Does ControlNet (and other diffusers) only include 1 noise injection per iteration in training loop?

I’m learning about diffusion and I know in paper the denoising u-net in stablediffusion and other similar methods predicts a denoised image one timestep ahead from the current iteration. I was expecting that for each image in each iteration of the training, the noise scheduler would add N different levels of noise to the image so the denoising U-net learns to predict all the different levels of noise for a given image at each step, until training converges. However, by looking at the code and reimplementing it myself outside of the train_controlnet.py train loop example I noticed that at each timestep only 1 level of noise is injected to the images in latent space. Is this understanding correct?
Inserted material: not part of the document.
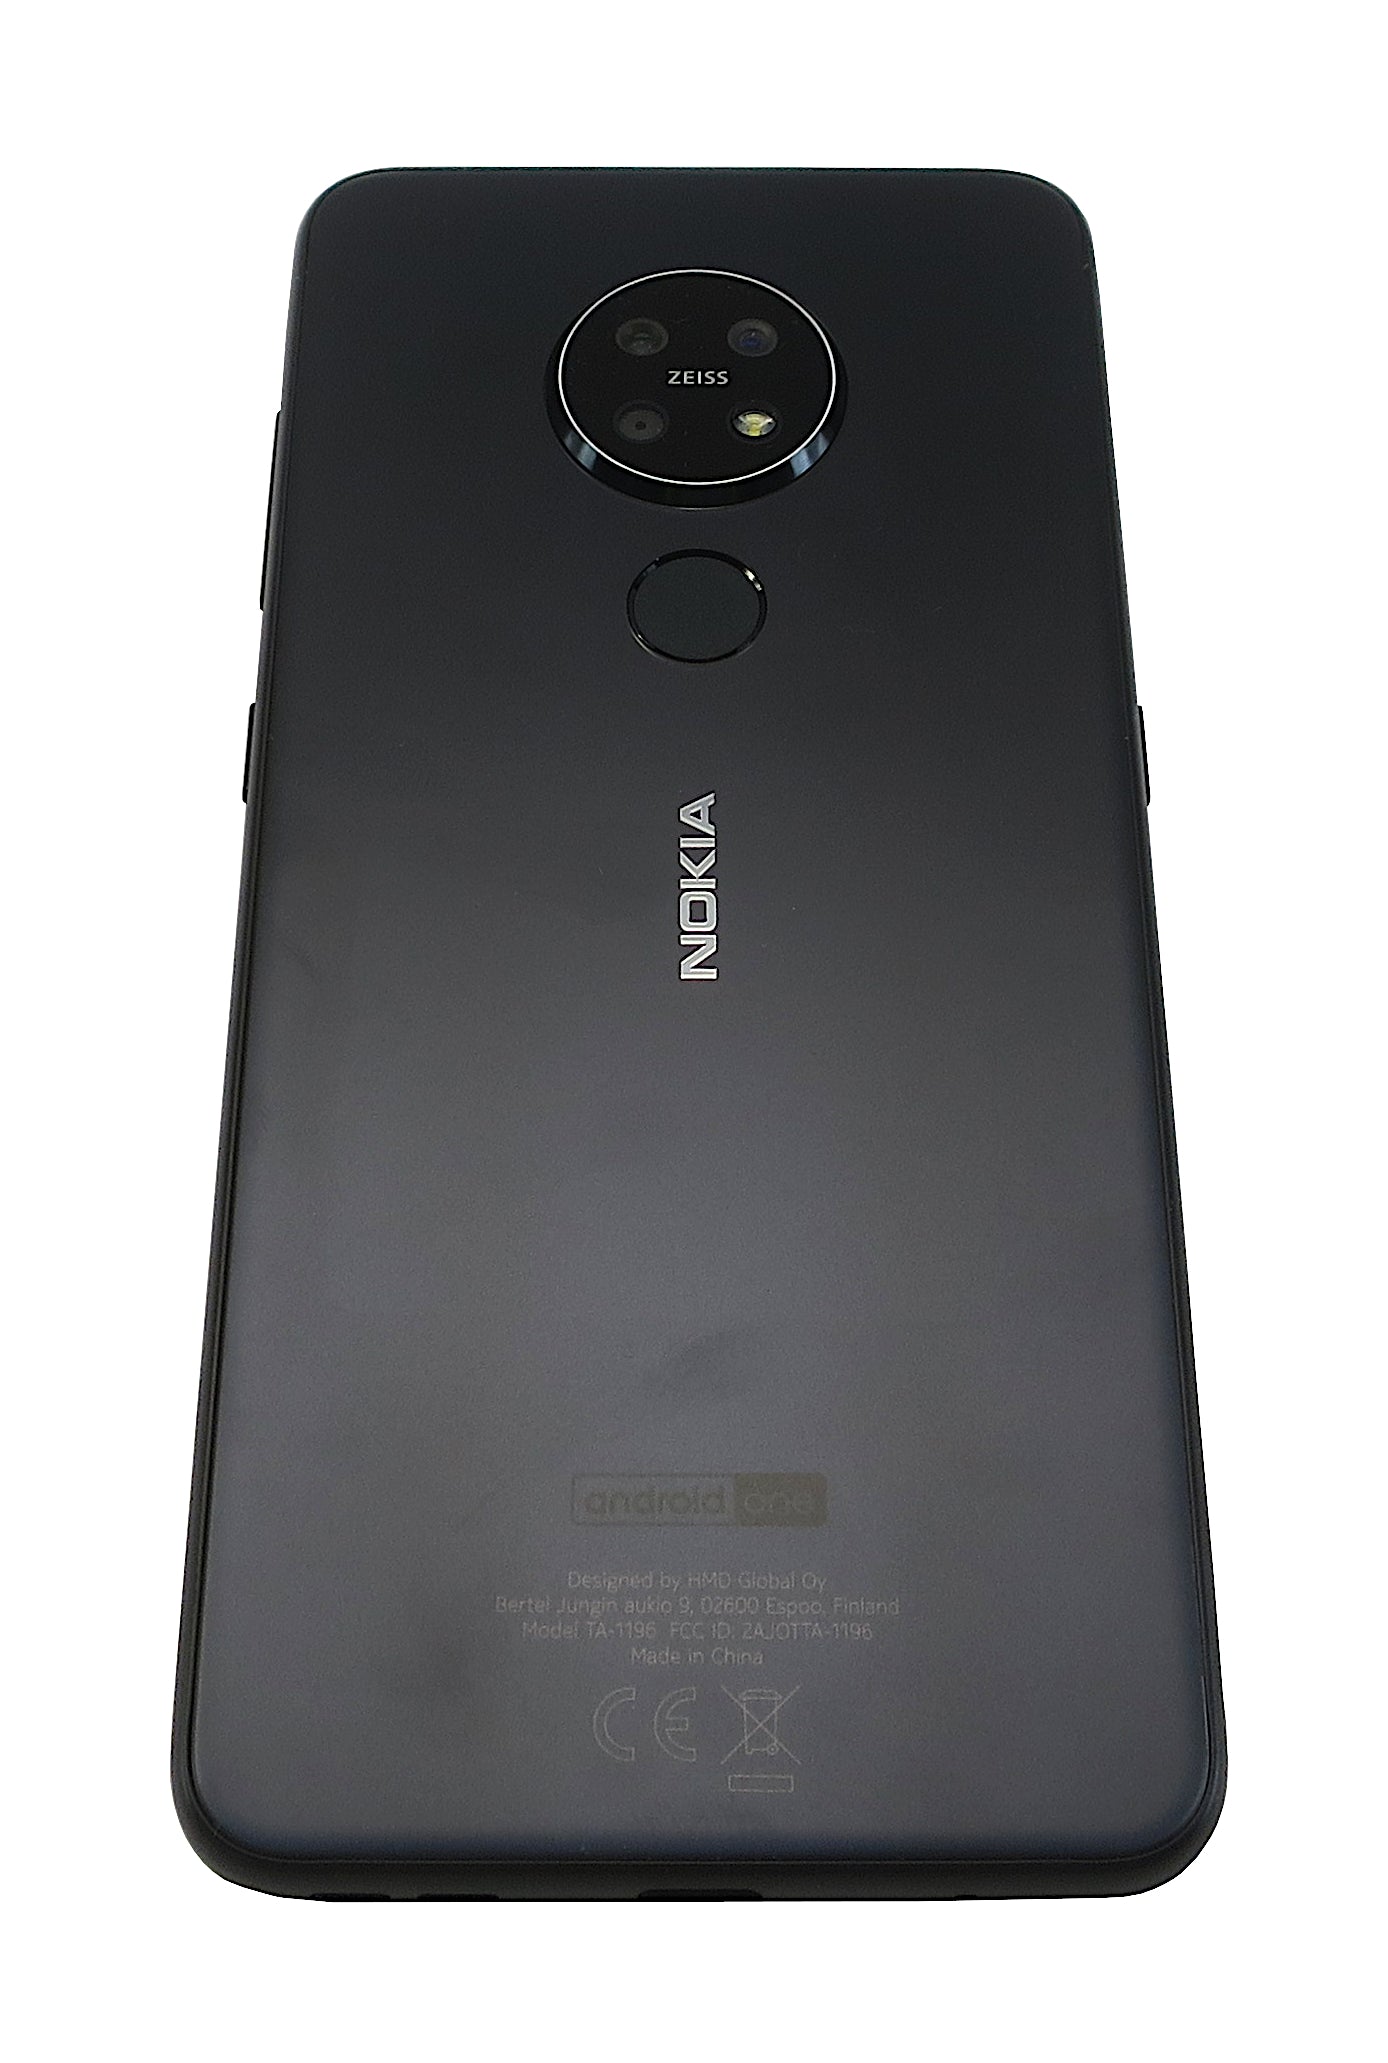 Nokia 7.2 Smartphone, 64GB, Dual Sim, Network Unlocked, Charcoal, TA-1196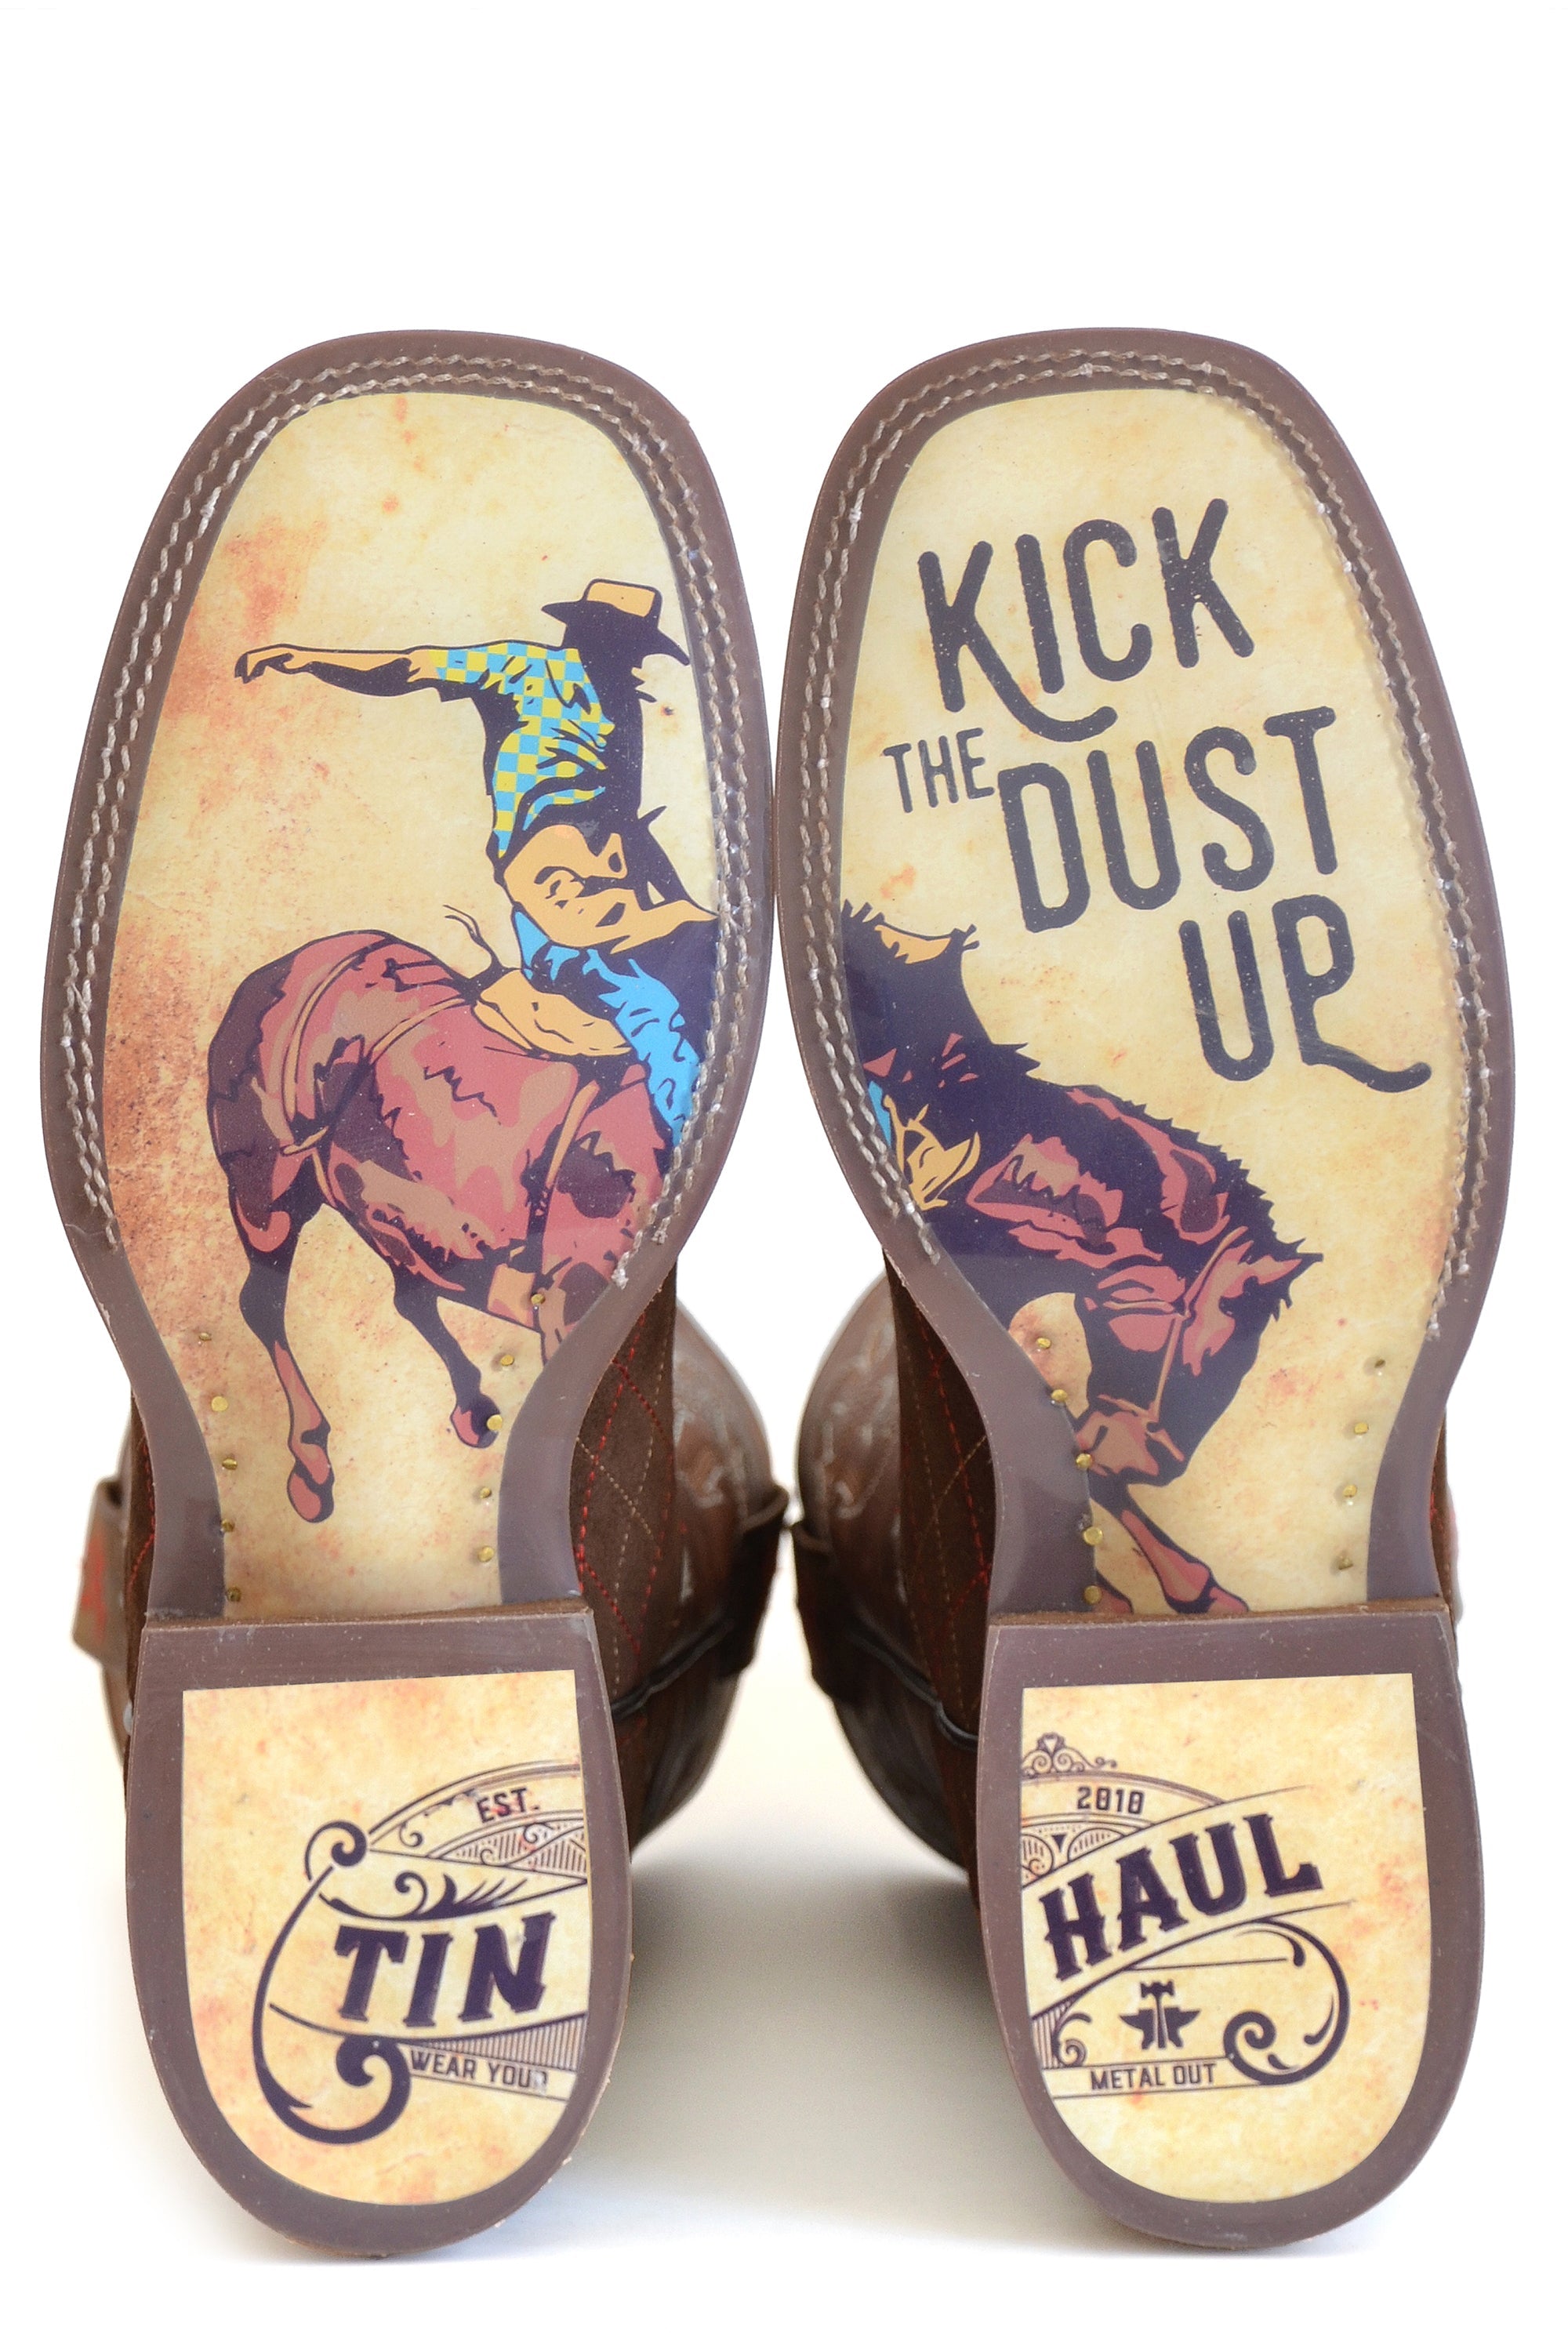 Tin Haul MENS ASPHALT CRACKS WITH KICK UP THE DUST SOLE - Flyclothing LLC

Is there any particular reason for designing it this way?
Here’s the code I used (based on the loop from train_controlnet.py to check that indeed there’s only 1 level of corruption added at each iteration, and the denoising u-net also only predicts 1 level of denoising for each image (even if the level it predicts for each image in the same batch may be different due to the randint ):

import torch
from torchvision.utils import save_image
from transformers import CLIPTextModel, CLIPTokenizer
from diffusers import AutoencoderKL, DDPMScheduler, UNet2DConditionModel

# https://huggingface.co/docs/diffusers/training/controlnet
model_id = 'runwayml/stable-diffusion-v1-5'

tokenizer = CLIPTokenizer.from_pretrained(model_id, subfolder='tokenizer')
text_encoder = CLIPTextModel.from_pretrained(model_id, subfolder="text_encoder")
vae = AutoencoderKL.from_pretrained(model_id, subfolder="vae")
noise_scheduler = DDPMScheduler.from_pretrained(model_id, subfolder="scheduler")
unet = UNet2DConditionModel.from_pretrained(model_id, subfolder="unet")

# text
prompts = ['a photograph of an astronaut riding a horse', 'placeholder prompt']
prompts = tokenizer(prompts, padding="max_length", max_length=tokenizer.model_max_length, truncation=True, return_tensors="pt")
print(prompts.input_ids.shape)

encoder_hidden_states = text_encoder(prompts.input_ids)[0]
print(encoder_hidden_states.shape)

img = torch.rand(2, 3, 512, 512)

latents = vae.encode(img).latent_dist.sample() * vae.config.scaling_factor
print(latents.shape)

noise = torch.randn_like(latents)

bsz = latents.shape[0]

timesteps = torch.randint(0, noise_scheduler.config.num_train_timesteps, (bsz,), device=latents.device)
timesteps = timesteps.long()

# here is where the noise is added, noise for 1 step is added based on the randomly sampled timestep for each image in the batch
noisy_latents = noise_scheduler.add_noise(latents, noise, timesteps)
print(noisy_latents.shape)

# predicts for only next step
model_pred = unet(noisy_latents, timesteps, encoder_hidden_states=encoder_hidden_states).sample
print(model_pred.shape)

decoded = vae.decode(model_pred).sample
print(decoded.shape)

save_image(decoded, 'samples.png', nrow=int(decoded.shape[0] ** 0.5))
1 Like

Yes, you are understanding it correctly.
Why is it done like this? Here is my reasoning:

  1. When randomizing the noise level (the timesteps value), it forces the model to work with all kinds of noise levels. In theory, the timesteps value doesn’t even need to be an int. It can be a float.So if you are trying to cram all the noise levels into one batch, you will fail as you can’t exhaustively sample all floating point values. In current implementation, it’s an int value between 0 and 1000. But even with only 1000 levels, you can’t put 1000 samples into one batch, can you?
  2. Because you can’t put all noise levels into one batch, you have to pick some levels. Let’s say you can put 24 samples in a batch, would you choose the first 24 timesteps or would you randomize the timesteps? Clearly the uniform randomization is better because it would yield a gradient estimate that is more representative of the whole noise range between 0 and 1000. It’s the same reason why we shuffle training samples when training.
  3. Why not include 24 different images (each having one noise level) in a training batch, instead of including 24 noise levels from a single image? The first option obviously gives a better gradient estimate of the whole dataset.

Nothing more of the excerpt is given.